Hoy La Paz vive días difíciles. Las calles vacías, las filas interminables, la incertidumbre por el abastecimiento y la preocupación de miles de familias forman parte de una realidad que golpea a todos, sin distinción. También golpea a los pequeños emprendimientos, a los trabajadores independientes, a quienes viven del día a día y a los medios de comunicación que continúan informando pese a las dificultades.
En T Informas Bolivia hemos decidido seguir adelante. Lo hacemos porque creemos en el periodismo para la gente. Lo hacemos porque entendemos que, precisamente en los momentos más complejos, la información se vuelve una necesidad y no un lujo.
Durante estos años hemos abierto nuestras plataformas a cientos de empresas, instituciones, emprendimientos y organizaciones. Hemos difundido lanzamientos, campañas, actividades solidarias, aniversarios, logros empresariales y muchas historias que merecían ser contadas. Lo hemos hecho convencidos de que crecer juntos es posible.
Sin embargo, en medio de esta crisis surge una reflexión inevitable.
Muchas veces recibimos llamadas, mensajes y solicitudes para publicar una nota, una actividad o una noticia comercial. Y, aunque siempre tratamos de colaborar, pocas veces alguien pregunta cómo estamos, si logramos operar con normalidad o qué dificultades enfrentamos para mantener nuestro trabajo diario.
No se trata únicamente de publicidad. Tampoco de una obligación. Se trata de empatía.
Porque cuando una ciudad sufre, todos sufrimos. Cuando una economía se desacelera, todos sentimos sus efectos. Cuando un pequeño emprendimiento lucha por mantenerse de pie, cada gesto cuenta.
A veces el apoyo puede traducirse en una pauta publicitaria. Otras veces en una alianza, una recomendación o simplemente en la voluntad de acompañar a quienes también están haciendo esfuerzos para seguir aportando desde su espacio.

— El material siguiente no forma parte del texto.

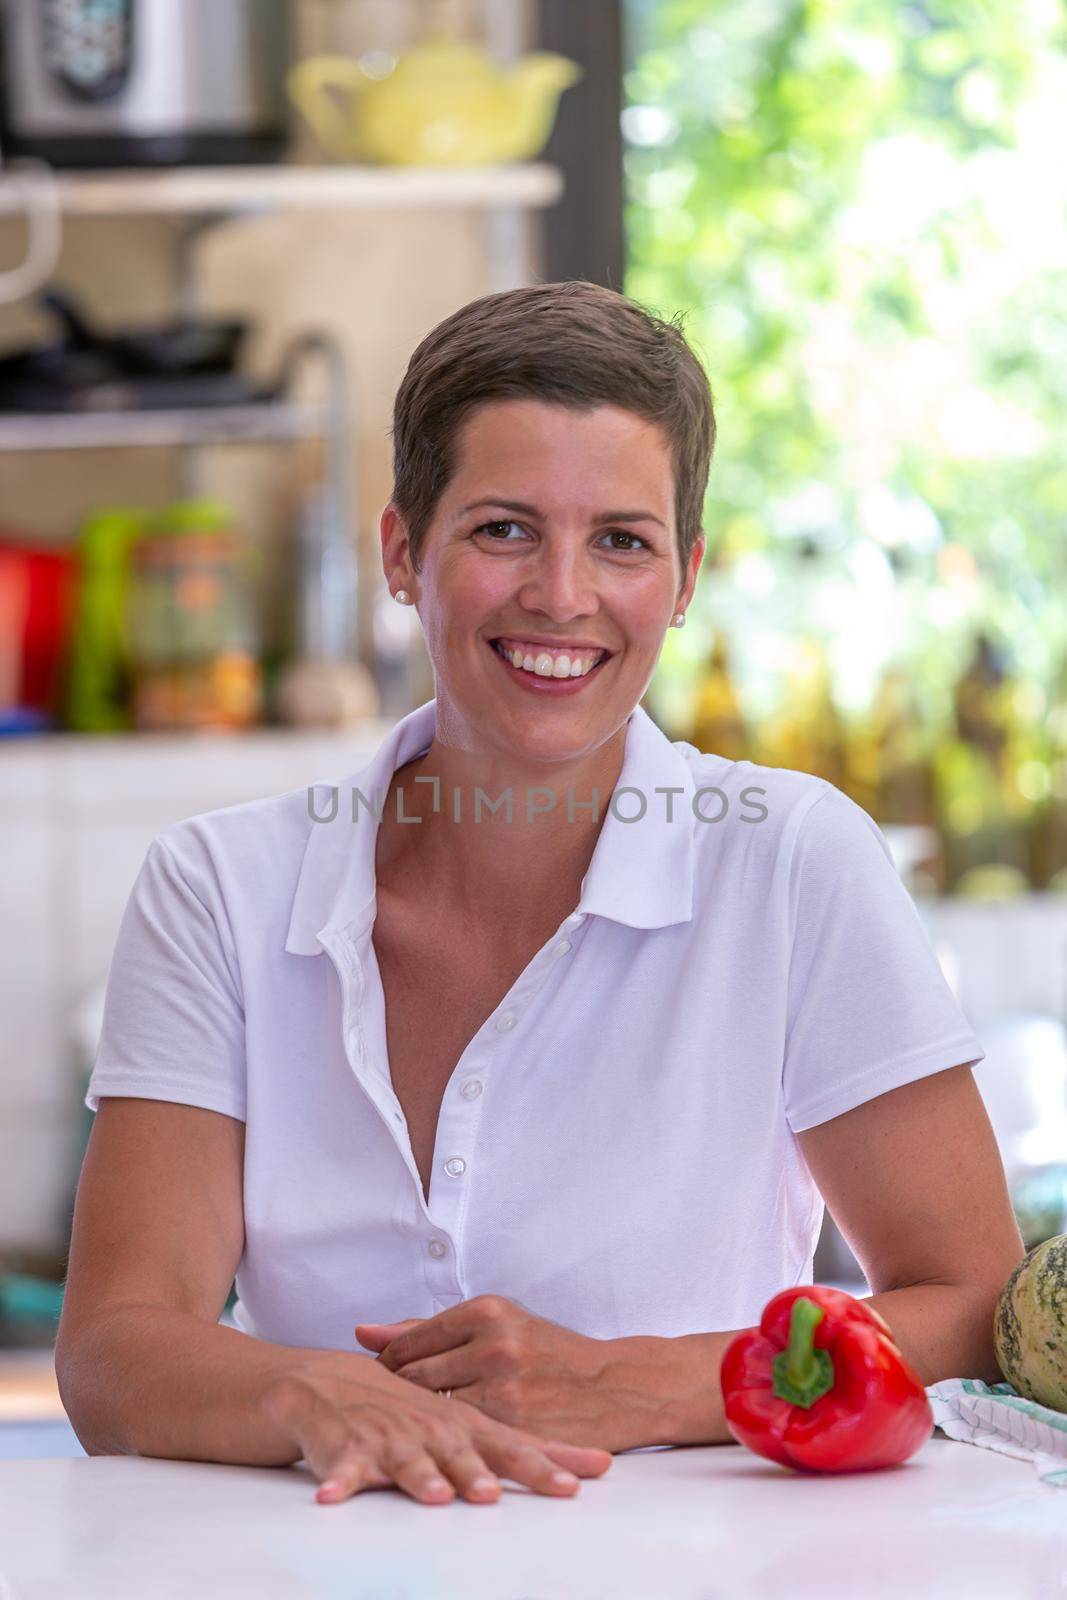 Young brown woman with short hair leaning on a table, kitchen utensils in the background.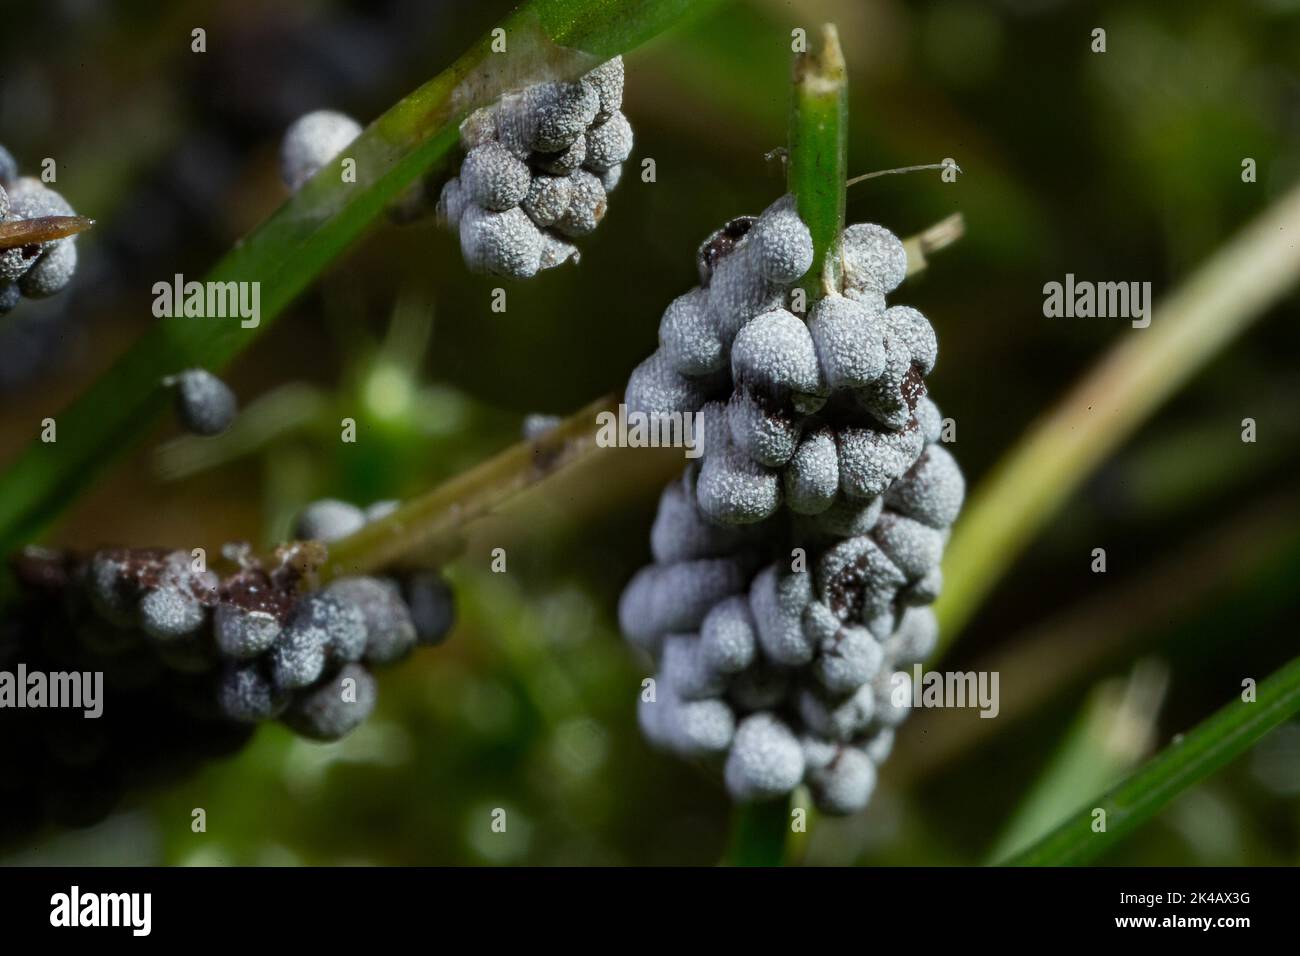 Slime mould Physarum leucopus many lime-pollinated fruiting bodies on green grass blade Stock Photo

Los medios independientes también somos emprendimientos. Detrás de cada noticia hay personas, familias, periodistas, camarógrafos, diseñadores y colaboradores que enfrentan las mismas dificultades que cualquier ciudadano.
Por eso, más que una queja, esta es una invitación a reflexionar sobre el valor de la reciprocidad.
Porque las comunidades fuertes no se construyen solamente cuando todo marcha bien. Se construyen cuando somos capaces de tender la mano en los momentos difíciles.
En tiempos de crisis, apoyar no siempre significa hacer grandes cosas. A veces significa simplemente estar presente.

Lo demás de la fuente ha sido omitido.